Why does it have to be so hard?
Unlike structured data, unstructured data is “the people’s data”, i.e. it is used by just about everyone within your organization for a million different purposes. And let’s face it, data is meant to be shared to get the maximum value out of it, that’s how collaboration works. We are all human (perhaps with a little squirrel mixed in) so we naturally like to share our data socially while at the same time stashing it away in our favorite places like some crazy folder structure on some rarely used file share that is older than your high school daughter. Think about the number of times you have copied a file off Sharepoint, and then emailed it to the team so they can download it and then access it when they are offline, long flight perhaps? One of the biggest contributors to the complexity of unstructured data management is data sprawl. Add to the fact that most businesses have a significant employee turnover rates, compounding the sprawl problem as those files typically become “orphaned” and often times have open permissions and remain completely unmanaged causing potential risks from hackers and clogging file shares. We have witnessed some file shares where over 70% of the data was orphaned, most of which had open read/write permissions. . . not pretty!
Why am I drowning in data?
The growth of unstructured data is quite impressive and yet somehow depressing if you are tasked with managing it within your data center environment. New applications are driving enormous amounts of storage whether it is image processing with higher resolution or new sensors generating billions of data points to manage more complex processes. Add to that the new demands of large scale AI models and it is no wonder that many analysts predict that unstructured data growth will continue to increase with estimates of 25% to 30% per year. It is expected that overall data capacity will reach 180 Zettabytes in less than 2 years’ time, of that 80% is unstructured. If history is any guide, this trend will only accelerate during the second half of the decade.
Why is data management increasingly important?
Many businesses have come to the realization that their data is an important asset, and the 2024 results of the Wavestone (formerly New Vantage Partners) 12th annual survey of data and analytics leadership confirms that. I found it interesting that over the last 5 years of the survey:
- Data driven business innovation increased from 59.5% to 77.6%
- Businesses that are managing data as a business asset increased from 39.5% to 49.1%
- Businesses that established a data and analytics culture increased more than 100% from 20.6% to 42.6%
And, like any other valuable asset, businesses must secure and protect that asset in accordance to its value to the organization, adding another layer of complexity.

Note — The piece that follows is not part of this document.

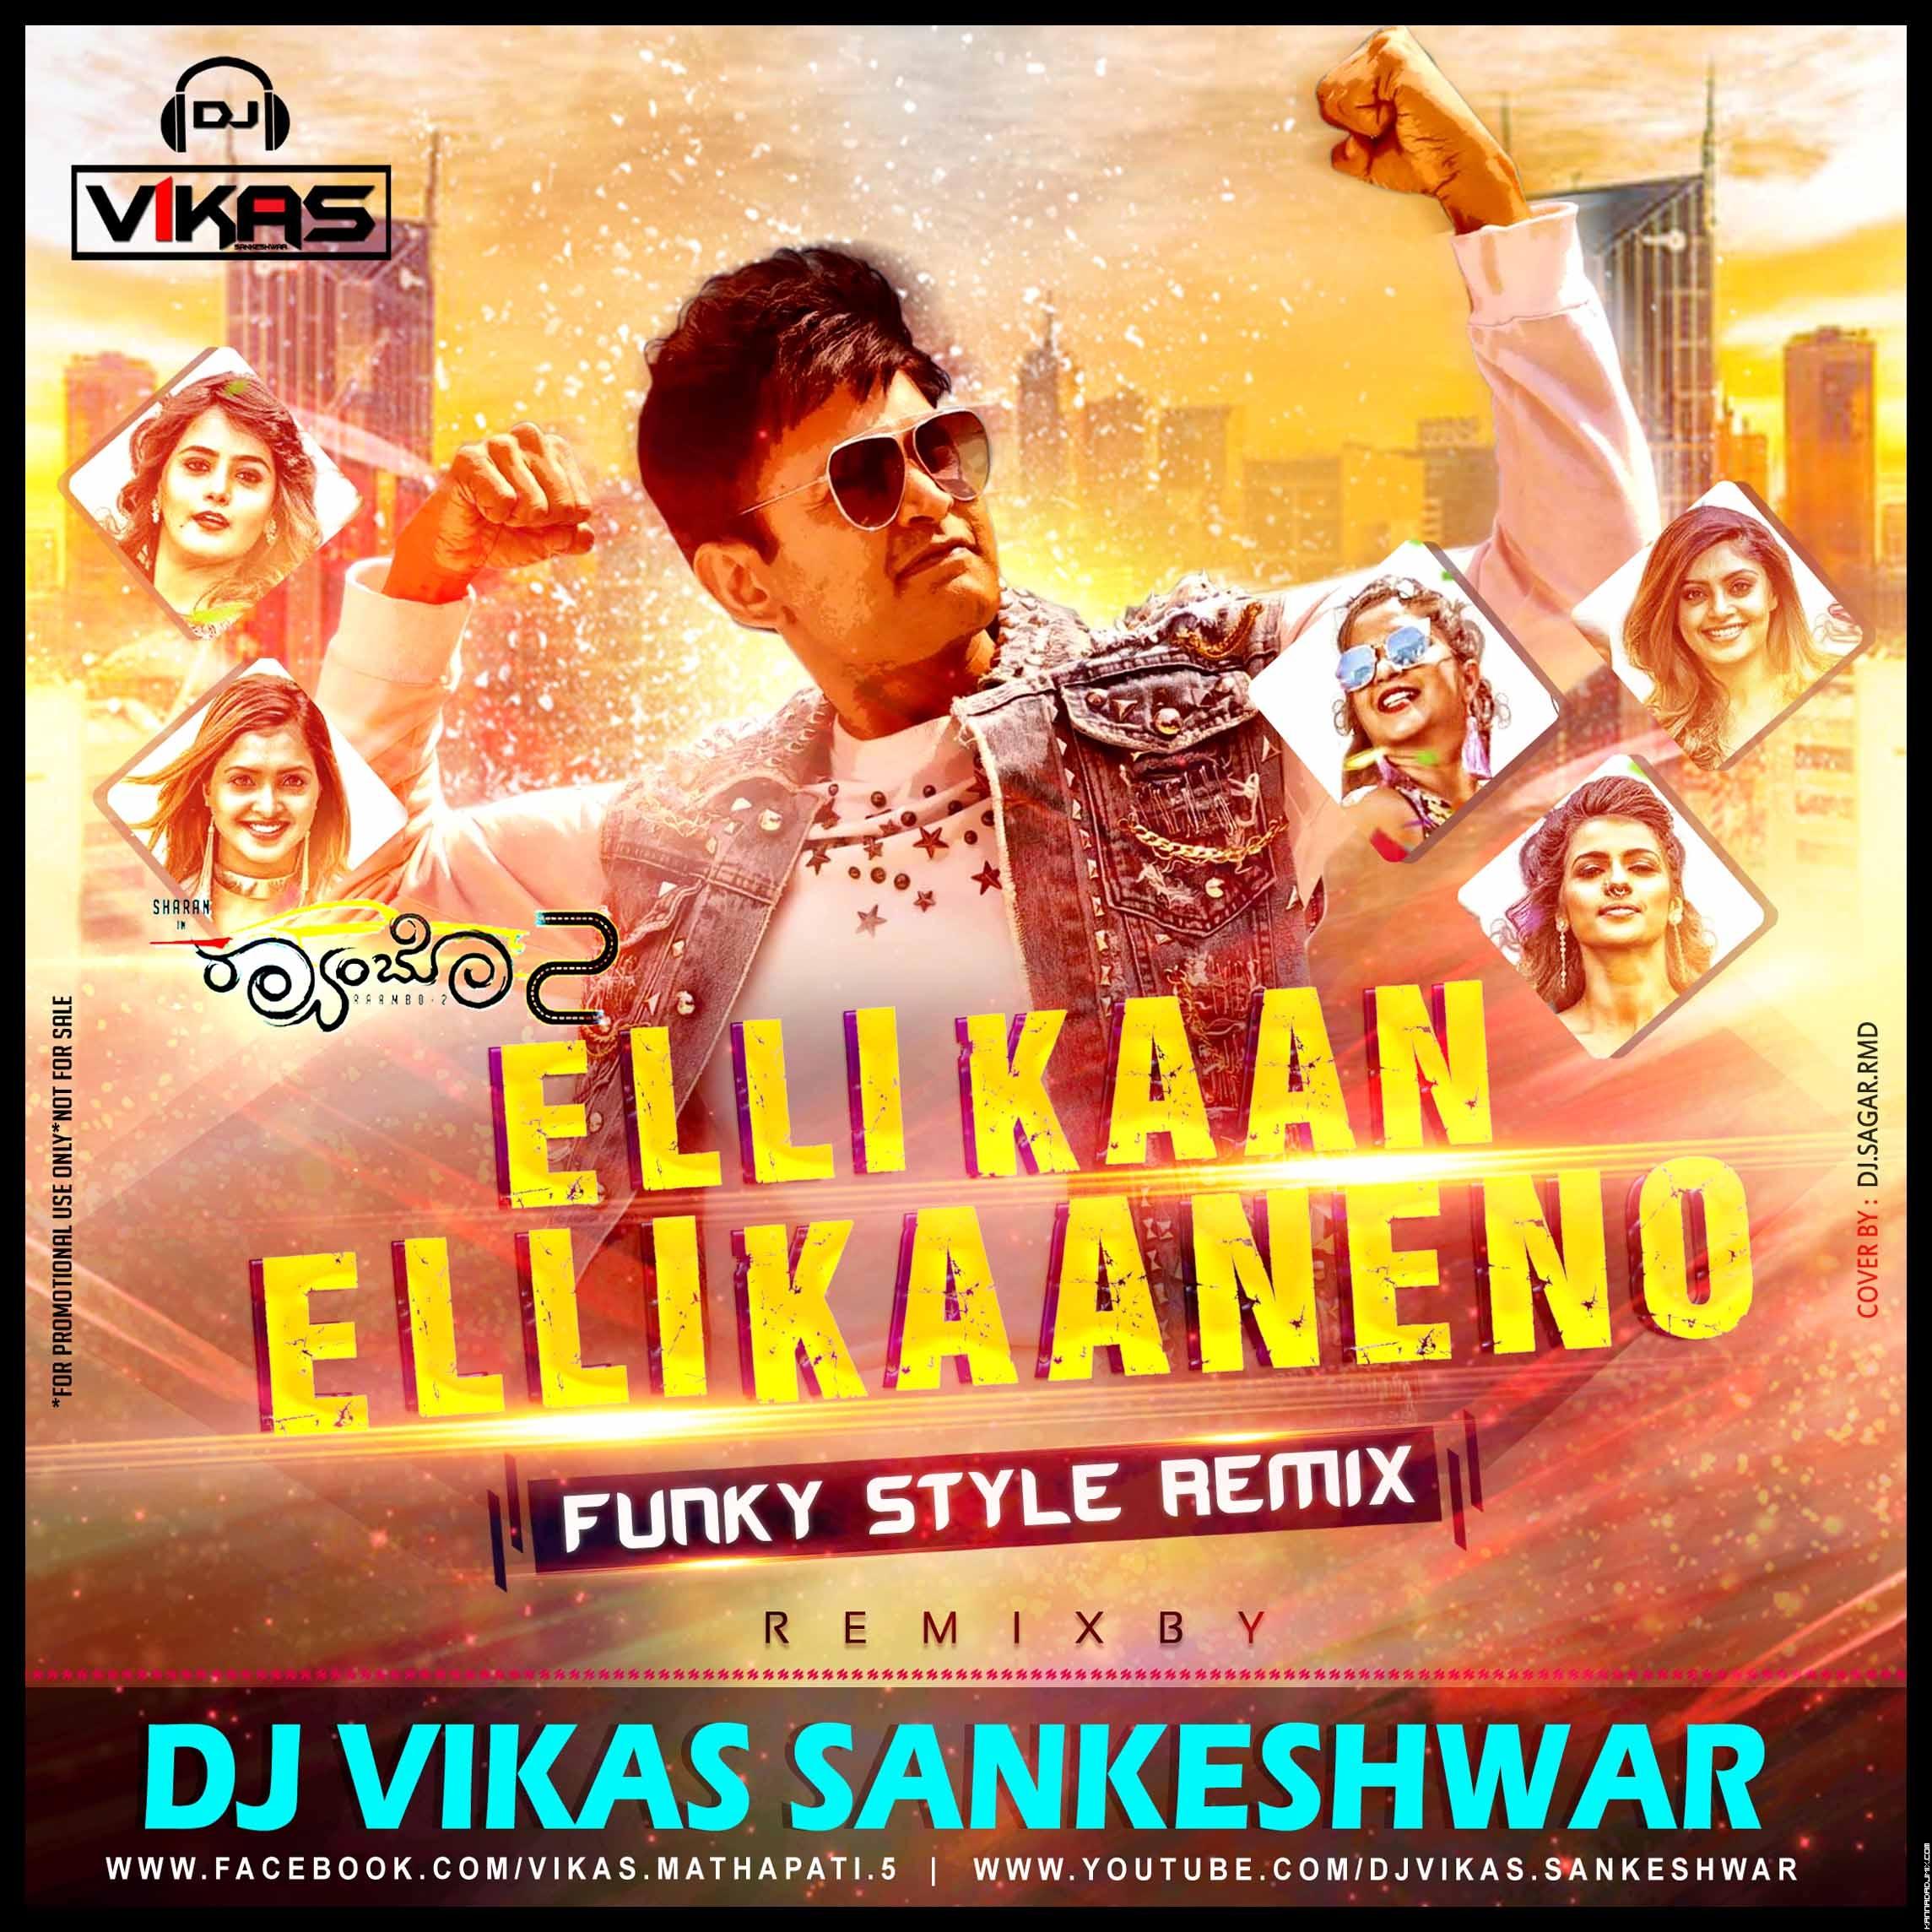 ElliKaan ElliKaaneno ( FuNkY ReMix) - DJ ViKaS Sankeshwar.mp3

Data is obviously an important asset, but how can my company manage it more efficiently?
Here are a few ideas that our customers have used to help them deal with these challenges and help them become a more successful data driven business.
- During a recent AI conference, I had a conversation with the Chief Data Scientist for a large bank and he mentioned to me that with all of his projects he begins with an assessment of the metadata. He called it the “DNA” of the data and believes that it provides the logical starting point for any data management project. I completely agree with his take, and believe that it is the most efficient way to inventory your data. So that you can tackle the scale and scope of your data set, no matter where it is being stored, use a solution that can:
- Scale by leveraging a flexible VM based architecture
- Utilize multi-threaded scan processing
- Utilize robust connectors to be able to process PBs of data in weeks, not months
- Integrate well with a wide range of cloud sources and applications to cover all of the new unstructured data sources and storage.

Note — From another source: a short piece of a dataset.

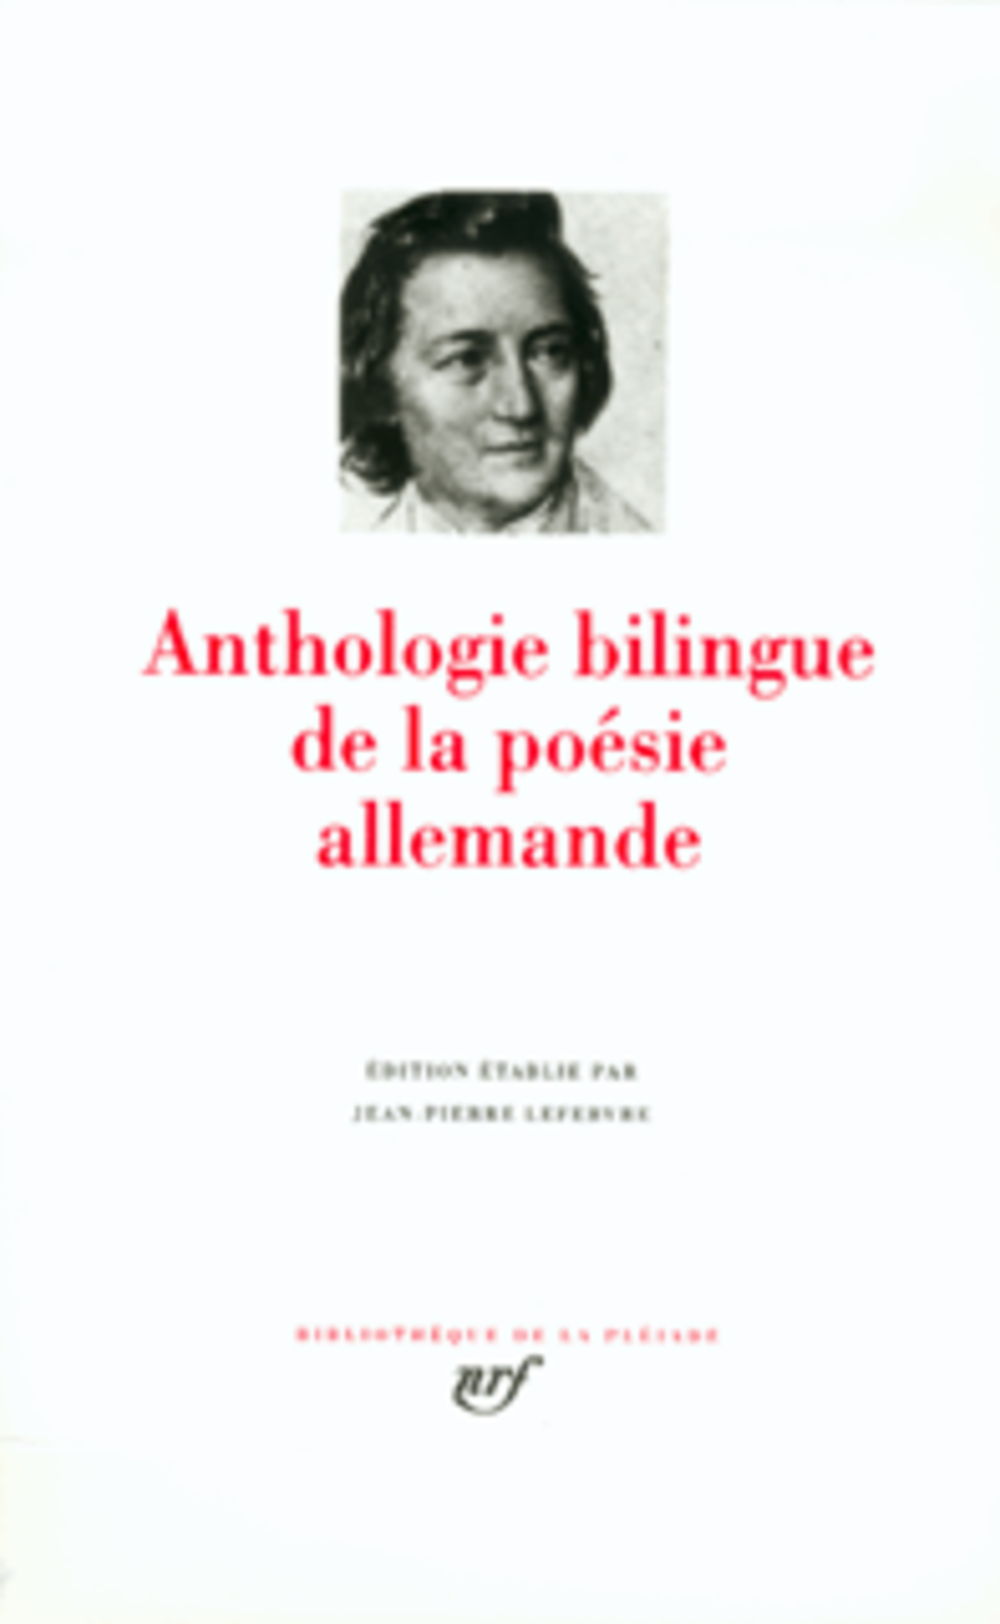 ANTHOLOGIE BILINGUE DE LA POESIE ALLEMANDE COLLECTIF GALLIMARD

- Once you have a full inventory of data you can then start the remediation process which allows you to organize the data by classifying it and then use automated policies to take actions such as culling ROT (Redundant, Obsolete & Trivial data), archiving inactive data, identifying data for AI model inclusion and moving into the proper queue, migrating data to the cloud and finally identify data that may have risk for further content analysis or change access controls, etc. The solution should include:
- Simple to use, enterprise class GUI
- Robust/flexible reporting capabilities
- API connectivity for integration with reporting tools
- Detailed audit trail capabilities
- Automated workflow with notifications and approval templates
- Now that you have done “clean up on aisle 6” with your data, you now have a significantly smaller data set (typically 10% to 20% of original scan amount) to apply the heavy lifting required for content analysis. At the same time, your data hygiene efforts can result in impressive cost savings from storage & backup optimization, AI model preparation, cloud transformations and reduced security risks. Now you are ready to tackle the last part which focuses on full Governance, Risk & Compliance mitigation that requires full content analysis. The solution should include:
- Advanced AI/ML technology to drive higher accuracy
- Scalable architecture
- Advanced automated workflow
- Detailed audit trail capabilities
By breaking down the data management process into three steps, you can really reduce the complexity, time and costs associated with managing unstructured data in today’s changing environment.